Did Claude increase bugs in rsync? Or did Claude just gave some basically retired programmer, who doesn't even want to work on his project anymore, the impression that he can replace finding a successor with just handing it to AI?
You're highly critical. What would you be doing differently? So far Tridge has elected to:
- generally decide to fix security issues over preserving compatibility
- rewritten an aging test suite in what appears to be a highly responsible way
- brought on additional qualified developers to help with the workload
Not bad for a guy who's retired.
You care enough to complain on HN. You could be a part of the solution.
What were you going to do differently, specifically?
> That's my impression from that sentence, at least. Don't you agree?
No. Given a choice between doing laundry and driving Lamborghinis, I would probably choose the latter. But I still have to do my laundry. I might use a washing machine to do so. It's just a responsibility among many responsibilities. It isn't that deep, really.
The reality few people want to admit is that maintaining open-source software is often closer for many people to "doing laundry" than like, being the software equivalent of Atticus Finch.
> Or did Claude just gave some basically retired programmer, who doesn't even want to work on his project anymore,
The only thing Claude has "done" apparently is give a bunch of annoying people online a license to engage in armchair psychoanalysis of someone they don't know at all, from what I can tell.
Yeah, we definitely need to make sure that we take the considerations of the mob into account.
The person owning the project is using the master branch in the way he sees fit.
Incidentally, there is no amount of communicating "correctly" that quells a mob. There's a Venn diagram of concerns, and those with concerns not being met will generate (now infinite) outrage.
I honestly think the main problem is Tridge just failed at communicating any of this correctly and I don’t think the implication he gives that all of this was due to the urgency of the impending security apocalypse really holds water.

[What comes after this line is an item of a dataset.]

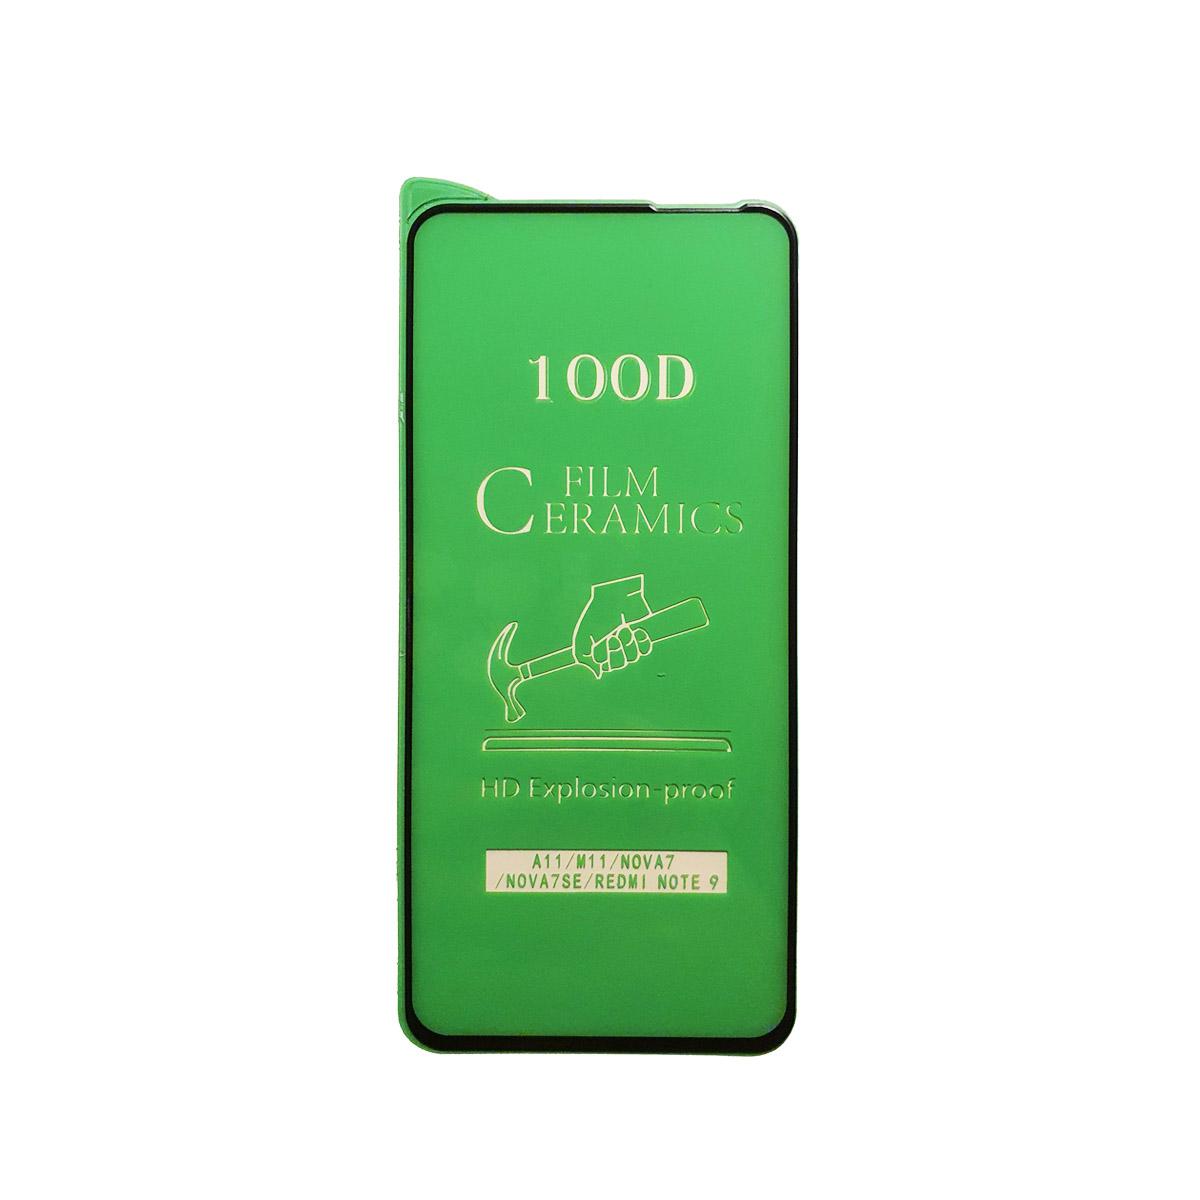 محافظ صفحه نمایش سرامیکی مدل FLCRG01st مناسب برای گوشی موبایل سامسونگ Galaxy A11

Why was all of this written straight to the master branch? Now that the release is out, why not better explain what the urgency of this release was? Why wasn’t he proactive in communicating this and instead let the mob make up their own story? I think a lot of people are inclined to give Tridge a lot of leeway due to the fact that he literally is the reason why rsync exists, but this was avoidable and I think the comment in his response post where he mentions that, “I’d rather be out sailing than working on rsync security issues, so I have reached for several AI tools to help with what needs to be done,” speaks volumes as to what is going on.